Long-time Evolution of Interfacial Structure of Partial Wetting

TL;DR

This study investigates the long-term behavior of interfacial structures during partial wetting and forced wetting, revealing scaling laws and new phenomena not captured by existing models.

Contribution

It introduces a novel optical measurement technique and provides systematic analysis of steady-state interfacial structures during wetting and dewetting.

Findings

Interfacial layer thickness scales with capillary number Ca.

Alternating thin and thick regions are observed in steady state.

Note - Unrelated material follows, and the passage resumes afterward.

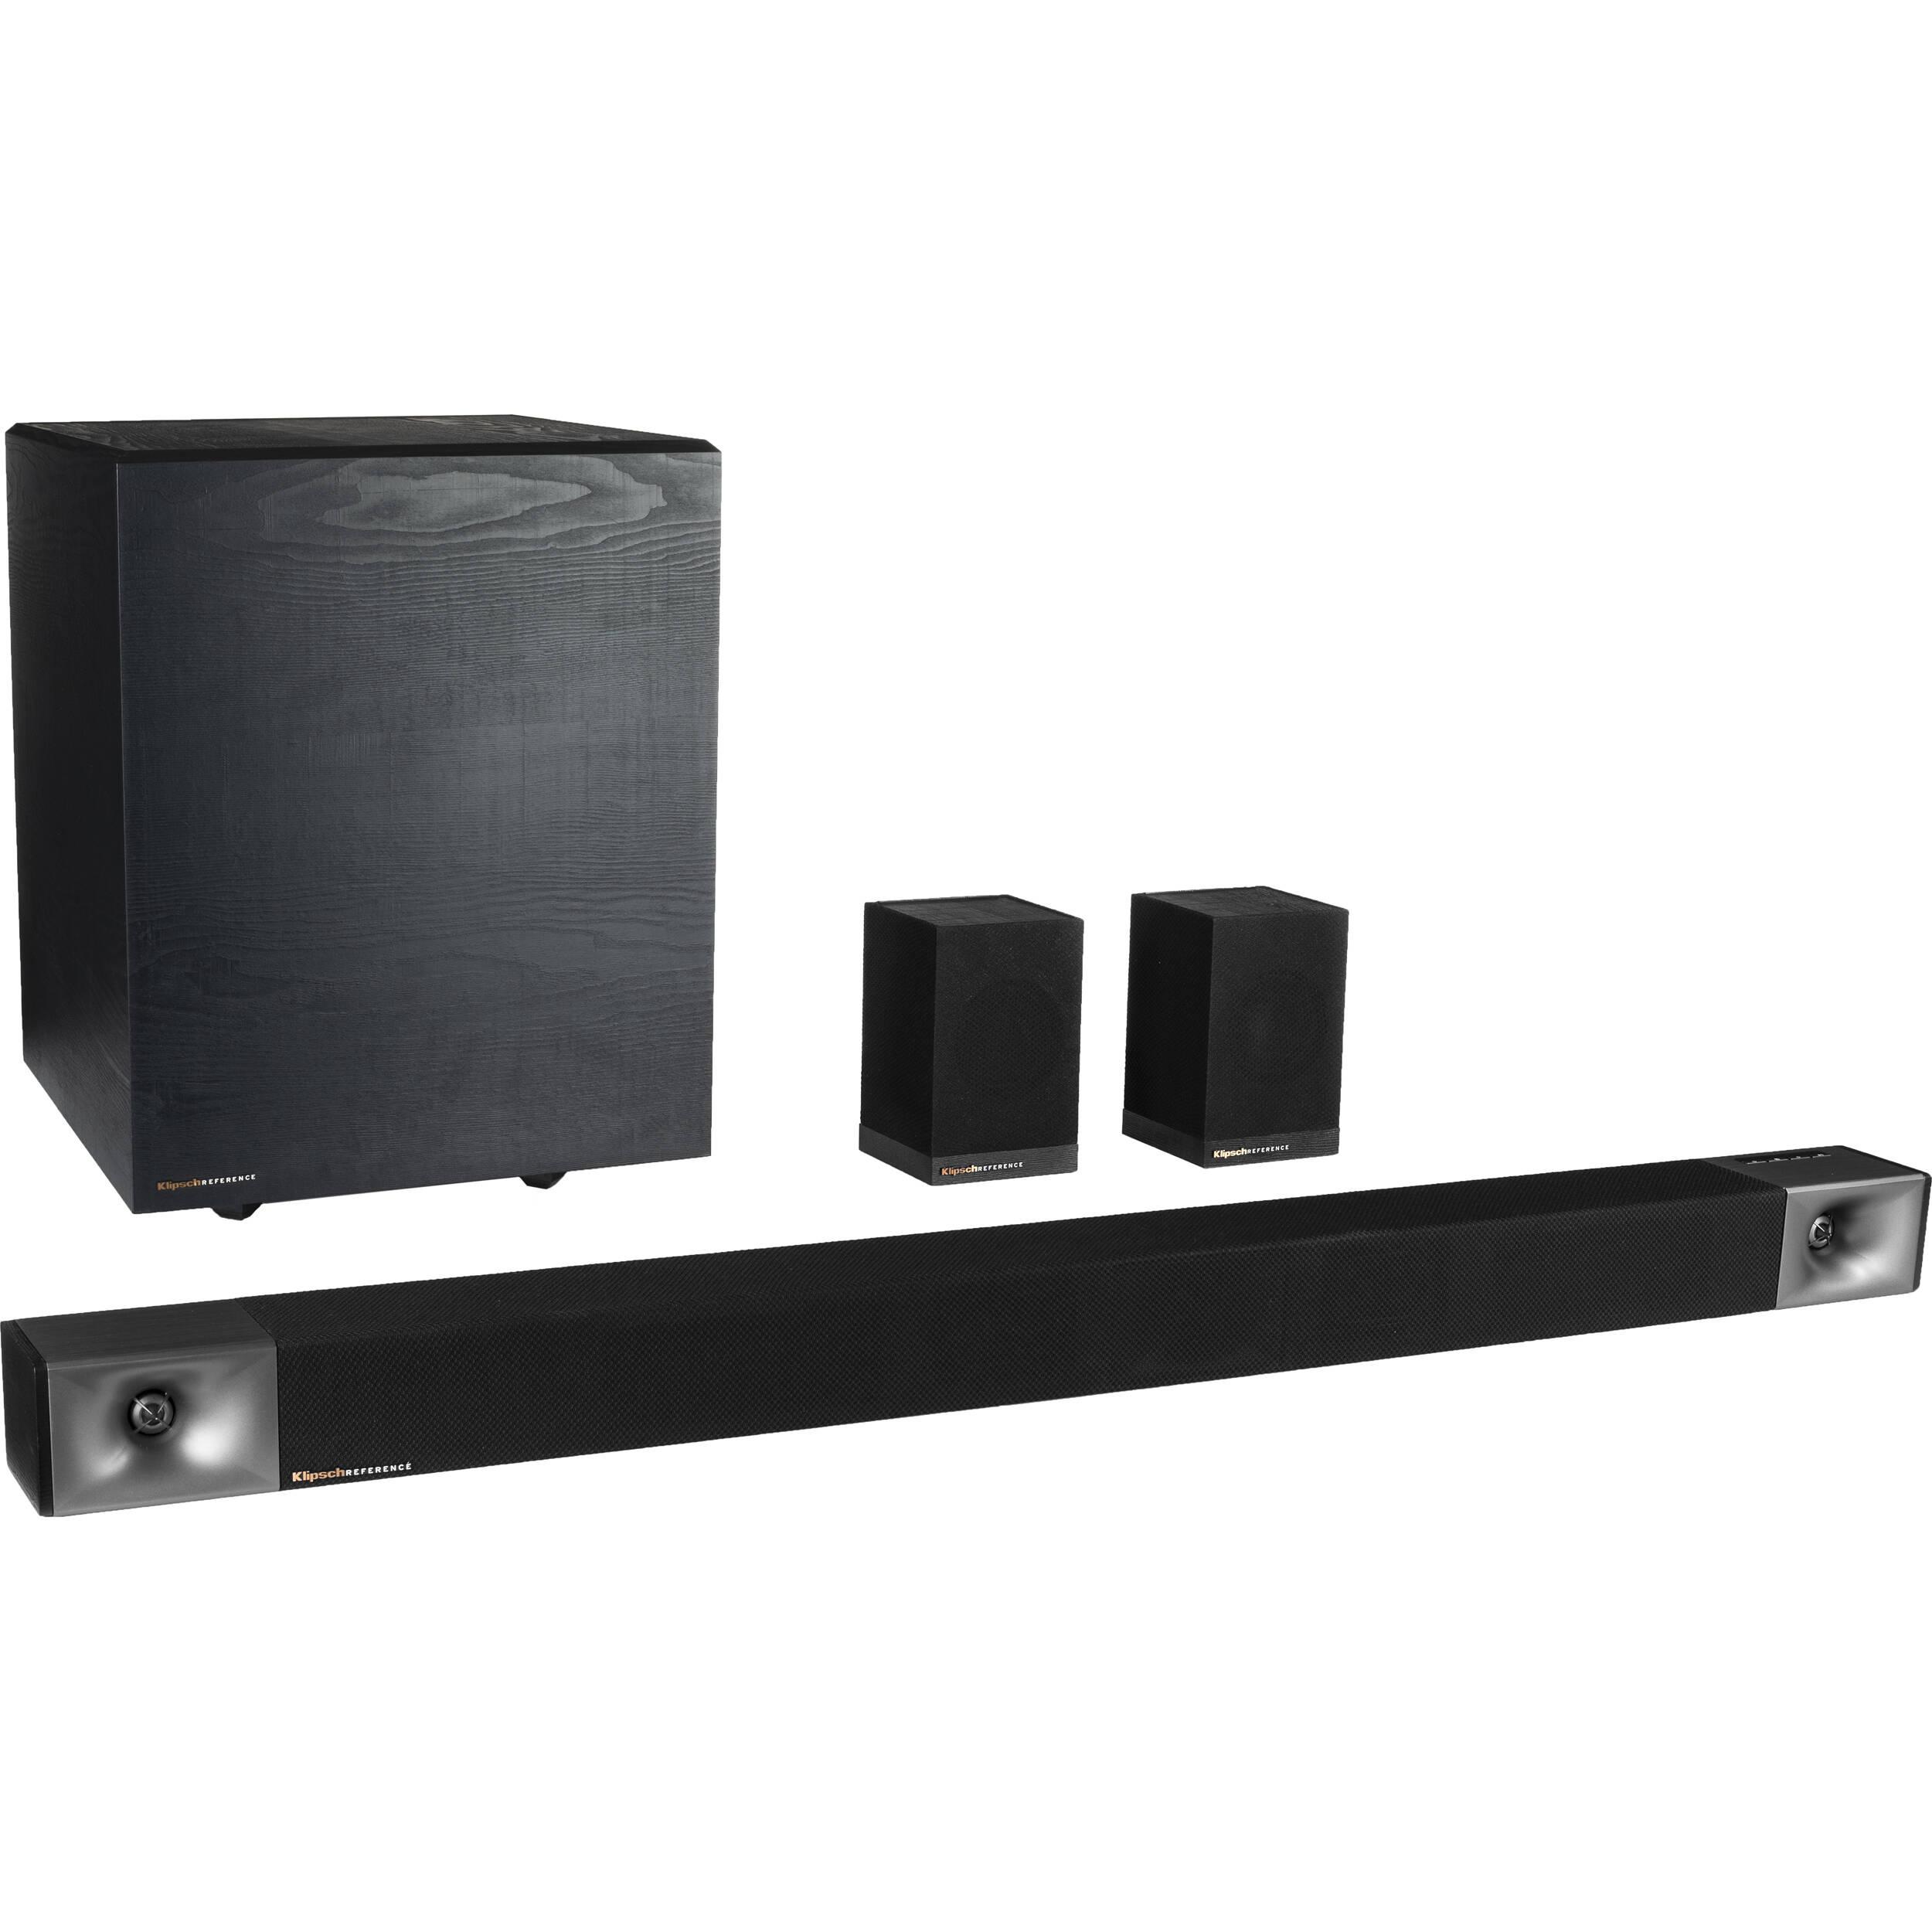 Klipsch Cinema 600 660W 5.1-Channel Soundbar System 1069452 B&H

A new interfacial region appears during onset, differing from previous models.

Abstract

When a solid plate is withdrawn from a partially wetting liquid, a liquid layer dewets the moving substrate. High-speed imaging reveals alternating thin and thick regions in the entrained layer in the transverse direction at steady state. This paper systematically compares this situation to the reversed process, forced wetting, where a solid entrains an air layer along its surface as it is pushed into a liquid. To quantify the absolute thickness of these steady-state structures precisely, I have developed an optical technique, taking advantage of the angle dependence of interference, combined with a method based on a maximum likelihood estimation. The data show that the thicknesses of both regions of the film scale with the capillary number, Ca. In addition, a new region is observed during onset which differs from the behavior predicted by previous models.